What is the best way to release and handle a ray? I usually cut the line, but there is got to be a better way. Advice is appreciated.....


----------



## sand flea (Oct 24, 1999)

There's only one safe way to pick a ray up--stick your fingers in the two small holes on top of his head (sphericles) and lift carefully. Just watch the stinger.


----------



## Green Cart (May 14, 2002)

*Very Careful*

I put my shoe on the ray/skate before taking the hook out with plier. Like Sand Flea said, watch out for the tail. I don't stomp on the ray/skate. I just put enough foot pressure to keep the ray/skate from flopping around. I don't have enough nerve to put my fingers in the two holes. Maybe I should learn to do that because it is awful hard to flip the ray/skate over to get to its mouth.  I don't like the idea of flipping it over with my shoe because that is asking for trouble. Yeah! You got it right. I am afraid of the ray/skate.


----------



## Railroader (Apr 13, 2005)

I clip the stinger first, and then do as Sandflea said...Finger the holes...


----------



## Cdog (Mar 18, 2002)

Railroader said:


> I clip the stinger first, and then do as Sandflea said...Finger the holes...


RR. I would not suggest clipping the stinger. That is their defensive weapon and its not their fault you caught them. Granted down there you get real sting rays where they can reach out and touch you. In MD, the majority I believe are cownose where the stingers are close to the body. Simply flipping them over and recovering your hook is rather easy. On a real sting ray, I will often cut the leader rather than chance a misshap.


----------



## vbengr01 (Apr 2, 2005)

Thanks all for your replies.


----------



## fyremanjef (Feb 17, 2005)

*What I do*

I usually flip them over with my needle nose pliers, gently hold them in place with my shoe and pop out the circle hook. (these are easier to remove, as long as the skates dont swallow them). then I pick the skate up by the pliers and toss em back in. 

I began doing this after I lost the skin on the back of my hand from rubbing against the rough spines/skin of a skate. I was watching for the tail, but the rough skin got me.

I have not had the pleasure of hooking up with MR. Cow Nose Ray yet. (notice the respect that I show for it?).


----------



## Lipyourown (May 11, 2005)

Small skates, just flip em over holding the line, step on tail (with shoes) and use pliers to remove. Grab tail with pliers and release.

Rays (under say 40#s) haul up on beach (if you are prepared you have a heavy shock leader to do so). Flip with oar, big stick etc. Step on tail, use pliers to get hook out and jimmy back in water with oar/stick/rod butt. If you hook one from a boat, reel to side of boat leaving most of the fish in the water and wrench hook out with pliers. My neighbor is daring. He flips em, removes hook then grabs nose and the very tip of the tail and walks it down to water...he uses braid.

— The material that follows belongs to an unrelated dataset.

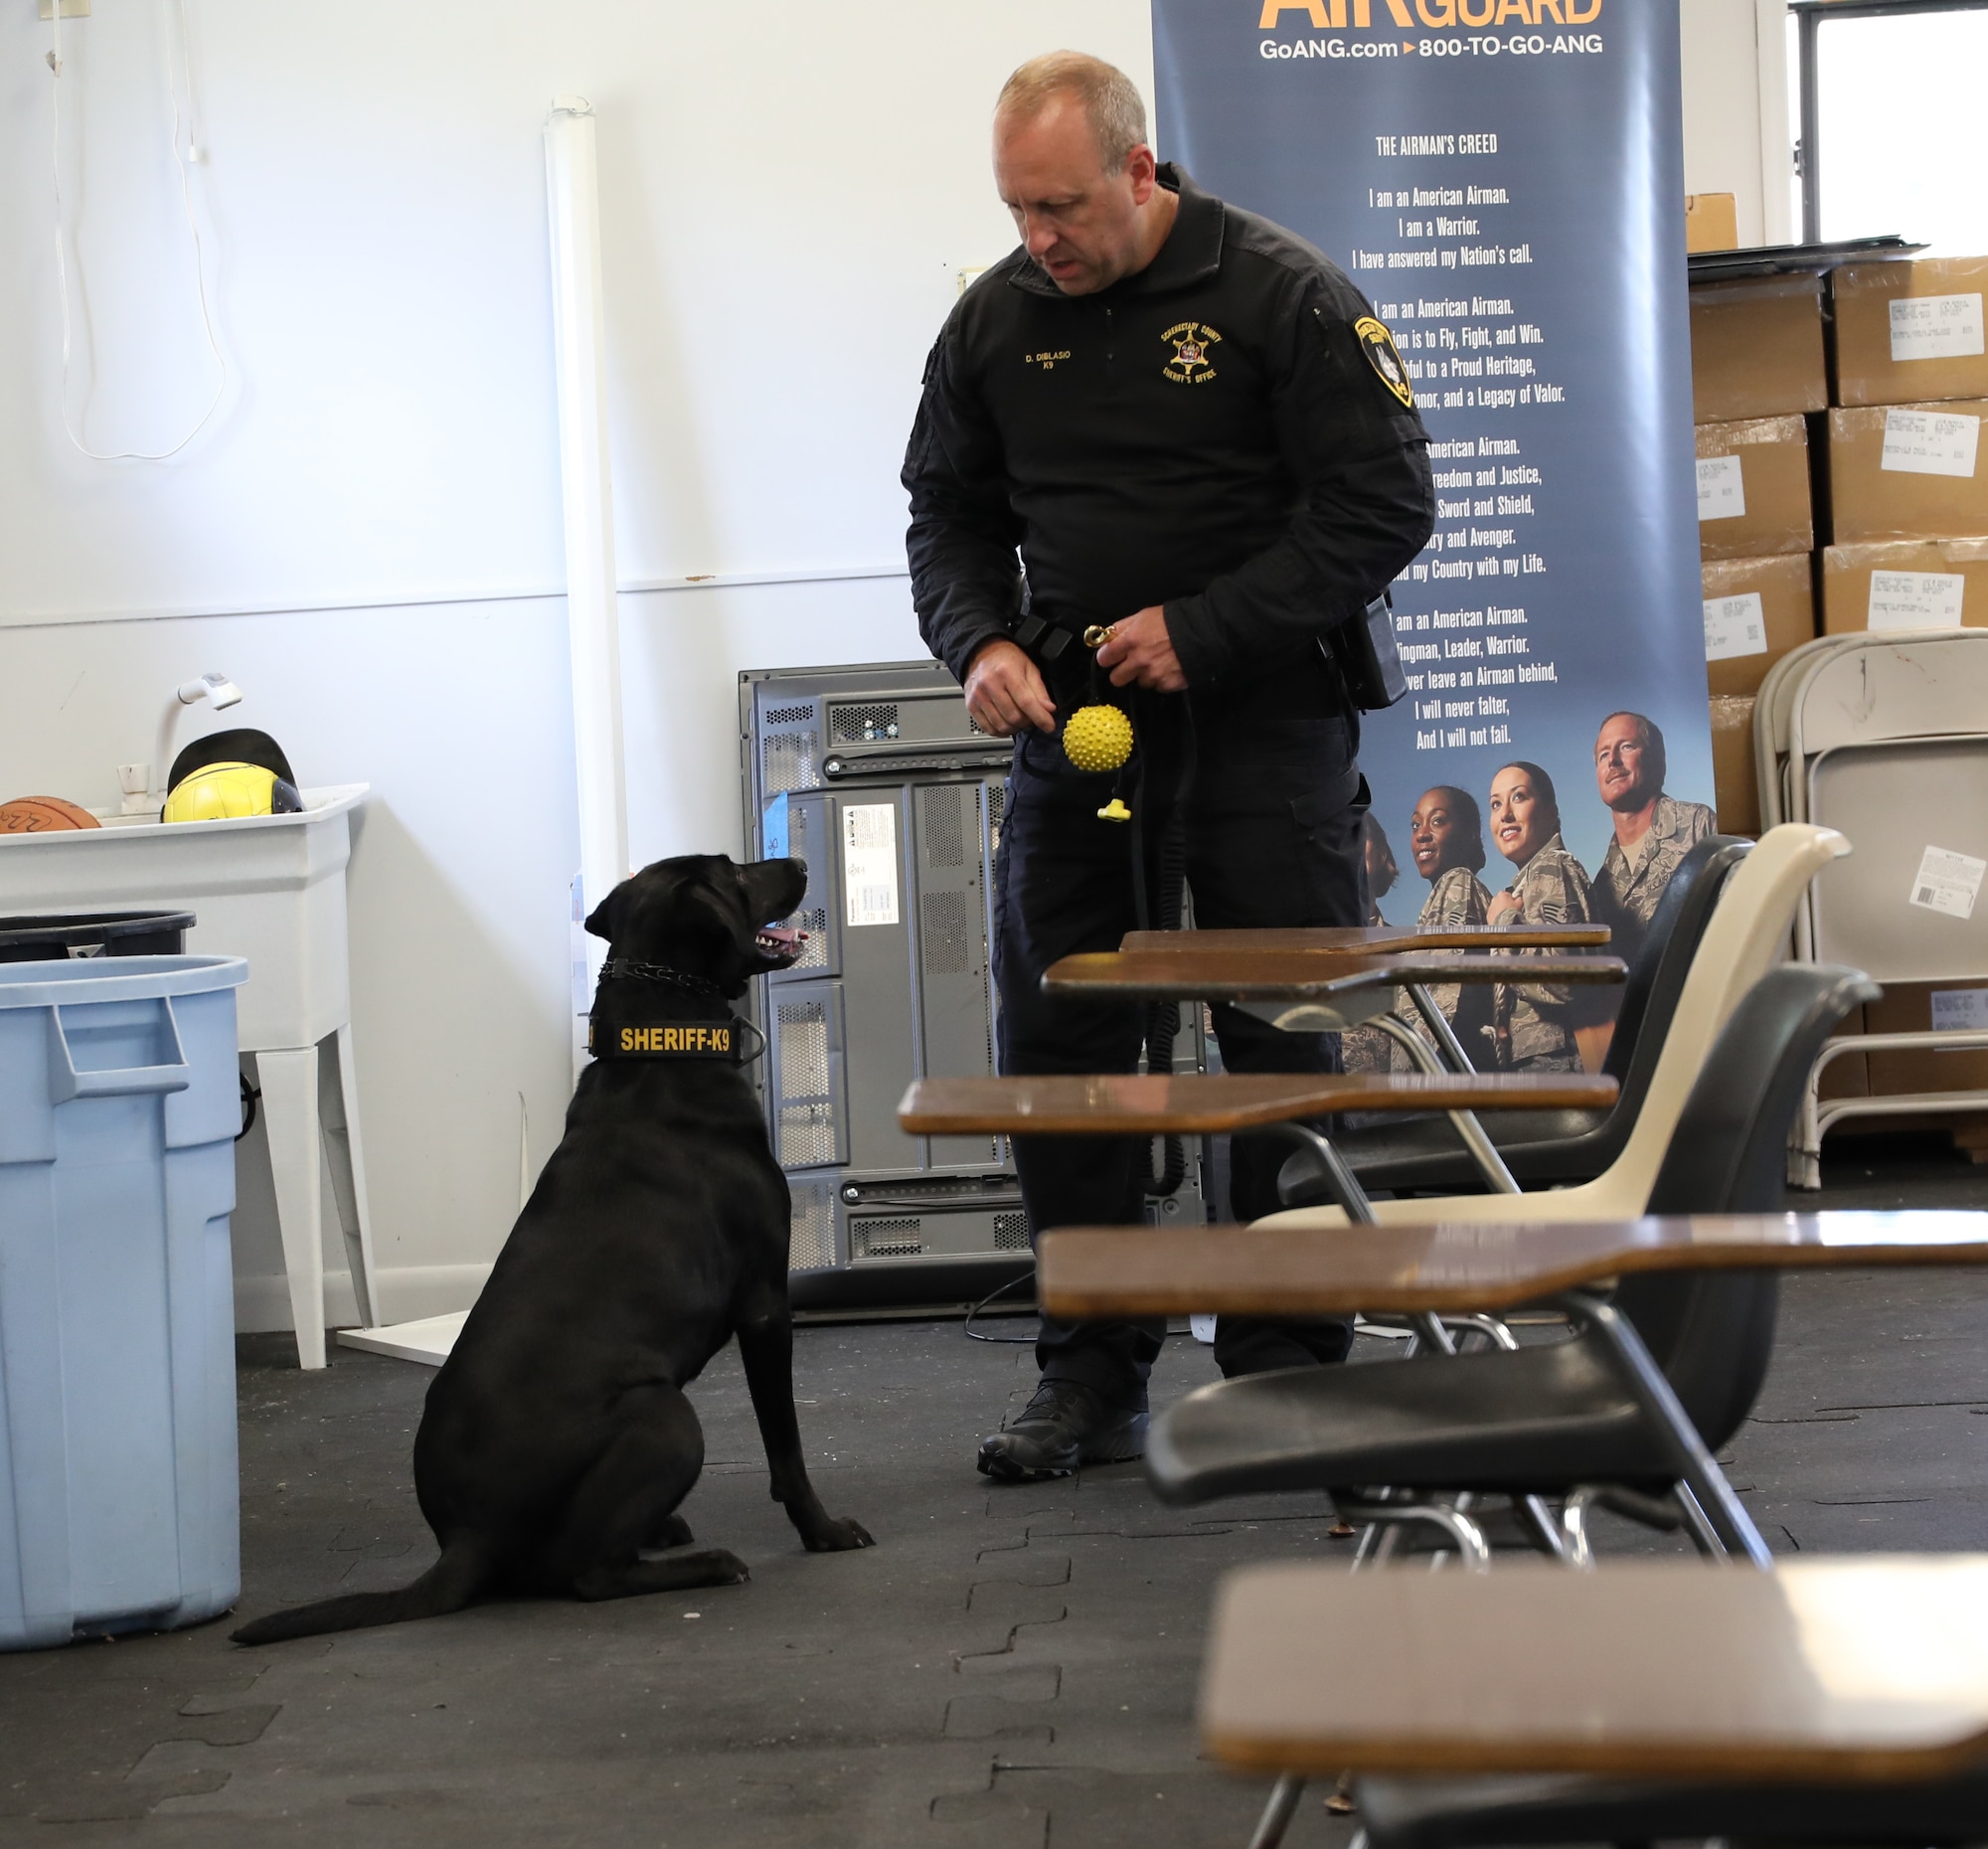 K9 Maizey works with her handler Dan Diblasio, a police officer with the Schenectady County Sheriff Office. The Officers and K9s recently trained at Stratton ANGB where they also provide support to the Security Forces Squadron when needed. (U.S. Air National Guard photo by Ms. Jaclyn Lyons)

Big skates, say over 15#, use extreme caution but the same procedure as above...flip with rod butt...

If you are on a pier use the drop nets and follow above procedures if the fish is say over 15#s.


----------



## Lipyourown (May 11, 2005)

Oh yea, when dealing with cow nose ray and stepping on tail...the danger is near their butt...a spike that will send you to the hospital...so don't step near the butt and watch for tail whip before you get your shoe on tail.


----------



## FunnyFishMan (Nov 19, 2004)

Grab a rag...grab the tail. I usually double fold the rag. Works like a charm.


----------



## BubbaBlue (May 11, 2004)

fyremanjef said:


> I have not had the pleasure of hooking up with MR. Cow Nose Ray yet. (notice the respect that I show for it?).


  
Keep that respect. It's amazing how strong those suckers are, even on the pier. Don't remember their skin being abrasive, but watch out for that butt spike/stinger everybody's talking about. He's good at whipping it around on you.

I use a low tech method of hook removal. I flip him over and put my ice chest on his tail.  Take the hook out with the pliers and then get him back in the water as best as I can. It ain't purty, but it works. 

Just in case the ray/scallop issue comes up again... tried it last year. Nasty, don't bother. It's not yummy like a Gulf sting ray or some skate. Dark red meat and gamey as h*ll.
.


----------



## FlounderFinder (Apr 7, 2003)

Good idea with the cooler. I was fishing the 50 bridge in OC a few weeks back and brought over 10 of them over the rail. They weren't huge, but what I pain getting the hooks out. They were really swallowing the hooks. One time I ended up with a double. 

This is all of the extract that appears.